Announcing Vigilance: An Extensible Dead Man's Switch System

September 17, 2013

Introducing Vigilance

Vigilance is a dead man’s switch system written in Haskell. The idea is that you register periodical tasks that you’ve configured elsewhere such as:

  • Backups
  • Periodical billing
  • Scripts that you run periodically

You tell vigilance an upper bound of how often the task should run via a config file. You tell vigilance how to contact you if this doesn’t happen (currently HTTP POST and emails). The task can check in to vigilance with either the vigilance executable or via a REST API. If it doesn’t, check in, you will be notified and vigilance will hold off on other notifications until your task is back online, checking in again.

I created vigilance after a couple of incidents in which I discovered that backups on my production systems or my development box had not been running. I wanted a way to set a failsafe so that I could at least be alerted when something like this happens.

Check it out on github for the full documentation. Download vigilance via cabal install vigilance or via hackage.

Example

Say I have daily backups that run on my server. I want to be notified if the server goes more than 36 hours without completing a backup.

First, I install vigilance from cabal:

cabal update && cabal install vigilance

This provides 2 executables, vigilance and vigilance-server. You can configure the build ot not include the server on client boxes for a faster install with fewer dependencies. vigilance-server will handle the state of your watches, notifications, etc. vigilance is what you will use to manage your watches and do check-ins.

Let’s write a config file to ~/.vigilance/server.conf (the default location):

# ~/.vigilance/server.conf
vigilance {
  port = 9999
  watches {
    backups {
      interval = [36, "hours"]
      notifications = [
        ["email", "me@example.com"],
        ["email", "joe@example.com"],
        ["http", "http://example.com/in-case-of-emergency"]
      ]
    }
  }
}

Vigilance tries its best to have reasonable defaults for its configuration. All state data and logs will be stored in a .vigilance directory in your user’s home directory. Fire up your server by running:

vigilance-server

Since we’re using a non-standard port for our client, let’s write a config at ~/.vigilance/client.conf

vigilance {
  host = "localhost"
  port = 9999
}

Your crontab would look something like this:

@daily run_backups.sh && vigilance checkin backups.

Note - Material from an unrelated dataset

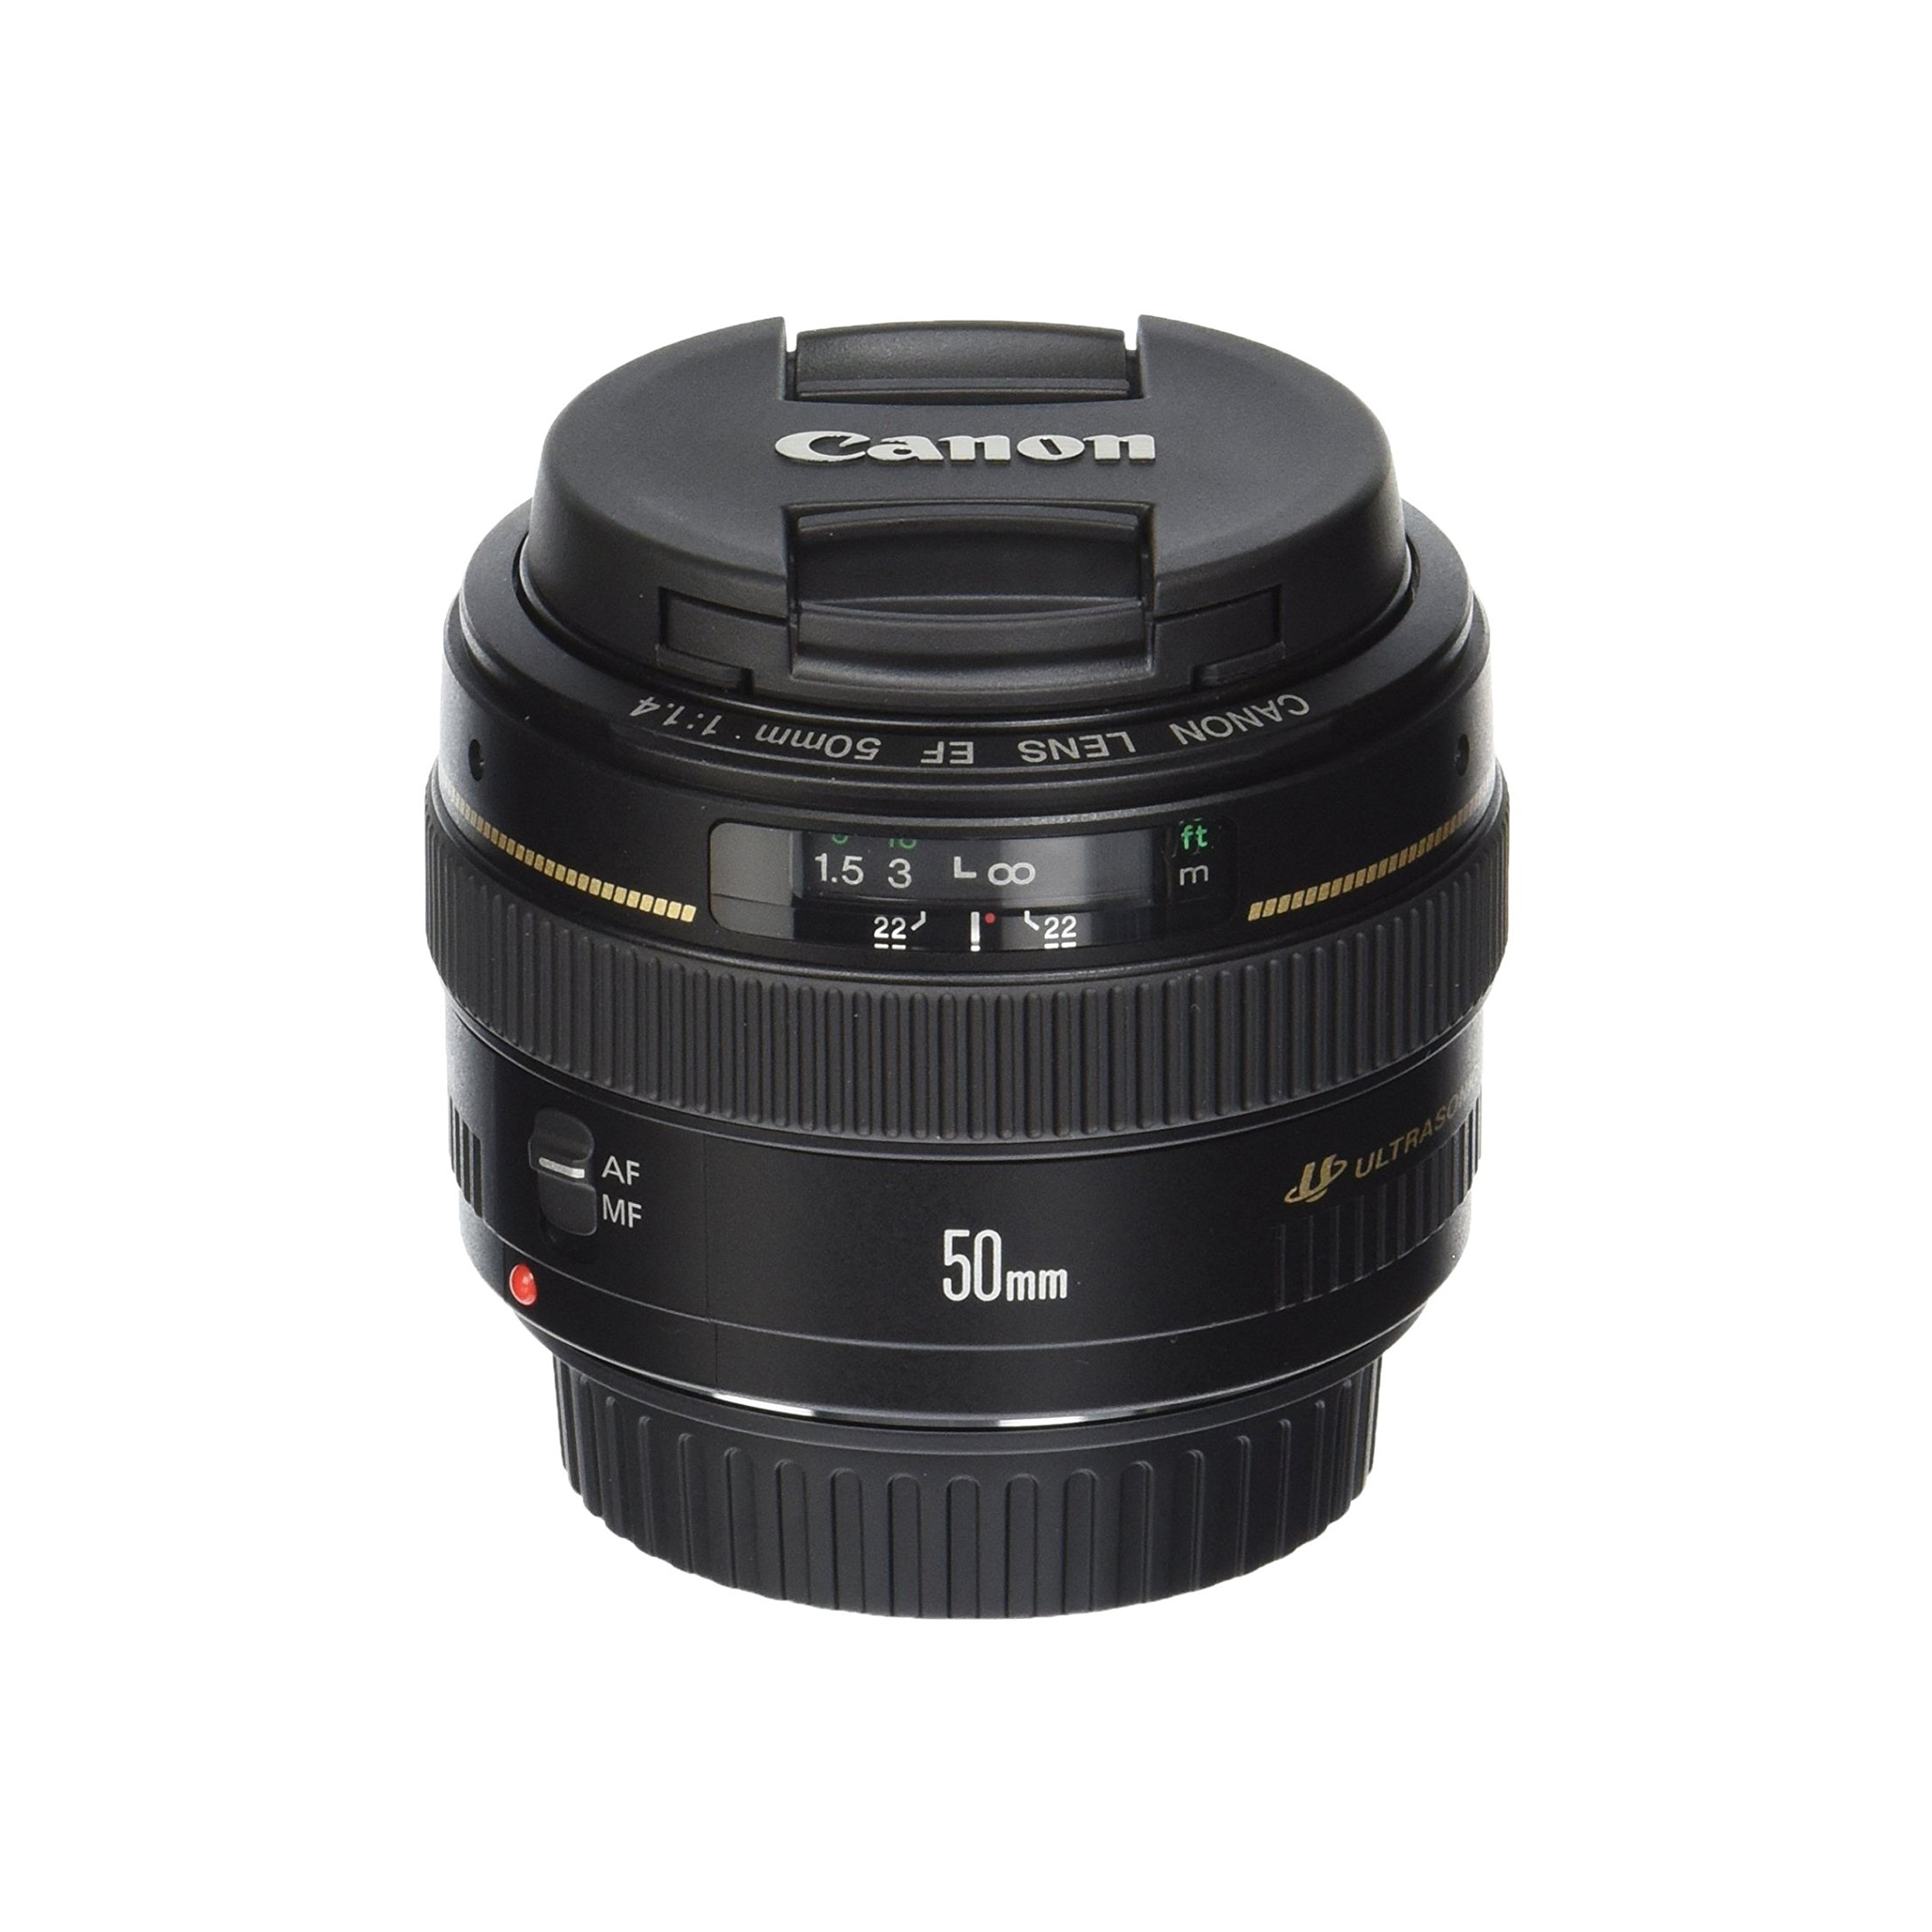 Objectif Canon 50mm f1.4

If run_backups.sh blows up, 2 emails will be fired off and an HTTP post of the failure will be posted to your callback URL.

Adding or removing watches is as simple as editing the server.conf file and sending a HUP signal to the vigilance-server process:

kill -HUP pid_of_vigilance_server

If you have any ideas on more notifiers you’d like to see added, please file an issue on the github issue tracker.